Home > US-India nuke deal is signed, sealed, and delivered

US-India nuke deal is signed, sealed, and delivered

by Open-Publishing - Tuesday 14 October 2008

Nuclear International USA

WASHINGTON: Generations to come may slice and dice the US-India nuclear cooperation deal, but for now it has been firmly stated by New Delhi and broadly accepted in Washington that India will be bound only by the bilateral 123 Agreement with regards to the terms of the deal, other sentiments of the US Congress notwithstanding.

Nuke deal is signed, sealed, and delivered
11 Oct 2008, 2115 hrs IST, Chidanand Rajghatta,TNN

Having assured itself that US President George Bush asserted his executive stamp over legislative opinion in his statement that accompanied the signing of the nuclear bill into law, New Delhi sent its entire negotiating team led by External Affairs Minister Pranab Mukherjee on a 10,000-mile, 12-hour visit to Washington for the 123 Agreement signing ceremony — a modest affair in the State Department’s glittering Benjamin Franklin room. The team arrived in the afternoon, signed the agreement in the evening, and left for Delhi in the night.

Secretary of State Condoleezza Rice, whose visit to New Delhi last week for the same purpose was rendered fruitless because of India’s anxiety over Bush’s signing statement, politely and pointedly thanked Mukherjee ’’who flew all the way here from New Delhi to do this signing,’’ before seeing them off without even a meal (the team dined at the their hotel). But for Mukherjee, a diplomatic maestro with nearly three-decades in the business, the objective of asserting India’s stand one last time in Washington was achieved.

’’This is an agreement about civil nuclear cooperation and reflects a careful balance of rights and obligations. The agreement has been passed by the U.S. Congress without any amendment. This provision is now legally binding on both sides, once the agreement enters into force,’’ he said in his remarks at the diplomatic ceremony before affixing his signature on the documents.

The assertion corrected any impression that the US Congress’ resolutions and sentiments amounted to an amendment and was legally binding on India, a position he elaborated later at a press conference. ’’We are bound by the agreed text of the 123 Agreement, which is negotiated on the basis of the joint statements of President George Bush and Prime Minister Manmohan Singh in July 2005 and March 2006,’’ he said when asked if the nuclear deal was open to interpretation and if foreign relations could be conducted on the basis of trust. ’’It’s not a merely a question of interpretation. It’s a question of agreed text.’’

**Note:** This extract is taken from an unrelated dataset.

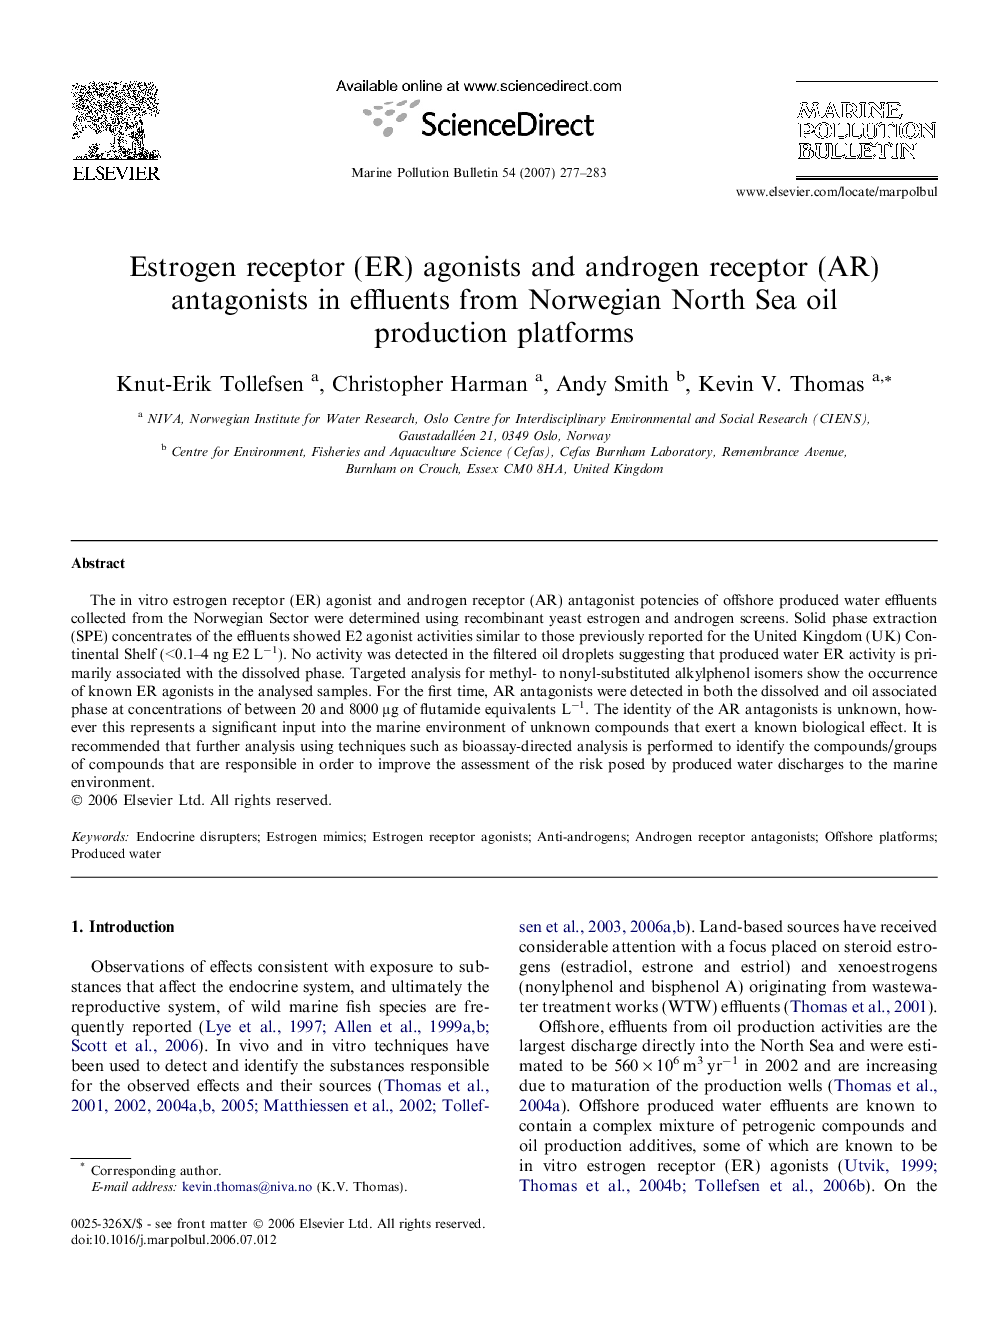 Estrogen receptor (ER) agonists and androgen receptor (AR) antagonists in effluents from Norwegian North Sea oil production platforms

But in a tacit acknowledgment that trust would indeed be a basis for implementing the agreement, agreed text notwithstanding, Mukherjee’s written statement said ’’We intend to implement this Agreement in good faith and in accordance with the principles of international law and I am confident that the US will also do the same.’’

US officials once again explained that provisions of Congressional law would kick in only in the event of an Indian nuclear test, that too after consideration of mitigating circumstances of the test. One official who was involved in the negotiating process told ToI, ’’The essence of this agreement corrects the over-reaction of the Clinton administration to India’s test in 1998. India is a different country in 2008 and will be different still in 2018. Do you think the US can react the same way to an Indian test in 2018?’’

Secretary Rice did not have to resort to any such verbal calisthenics or elaborate projection, befitting a country that is more confident of its objectives and more secure in its vision of future US-India ties.

’’Many thought this day would never come. But doubts have been silenced now,’’ she said at the signing ceremony, adding that ’’with the conclusion of this civil nuclear agreement, our partnership will be limited only by our will and our imagination.’’

Indeed, the broad vision she laid out sounded straight out of the Left manifesto: let us use our partnership to drive a new social justice agenda for the 21st century by promoting good and uncorrupt governance, by expanding free and fair global trade, by advancing health and education, and supporting the millions and millions of people who are striving to lift themselves out of poverty.

But the underlying strategic objective was never too far. ’’Let no one assume, though, that our work is now finished,’’ she said. ’’Indeed, what is most valuable about this agreement is how it unlocks a new and far broader world of potential for our strategic partnership in the 21st century, not just on nuclear cooperation but on every area of national endeavor.’’

Around the time she was saying this, elsewhere in Washington’s corridors of powers, U.S strategists were discussing – and even demanding — a greater role for India in containing the growing conflagration on the Afghanistan-Pakistan border. In fact, asked at his press conference about New Delhi’s stand on Pakistan seeking a similar nuclear deal, Mukherjee said India would have no problem with it, perhaps confident that a country which was descending into chaos and bankruptcy and which India was being asked to help save should have other priorities.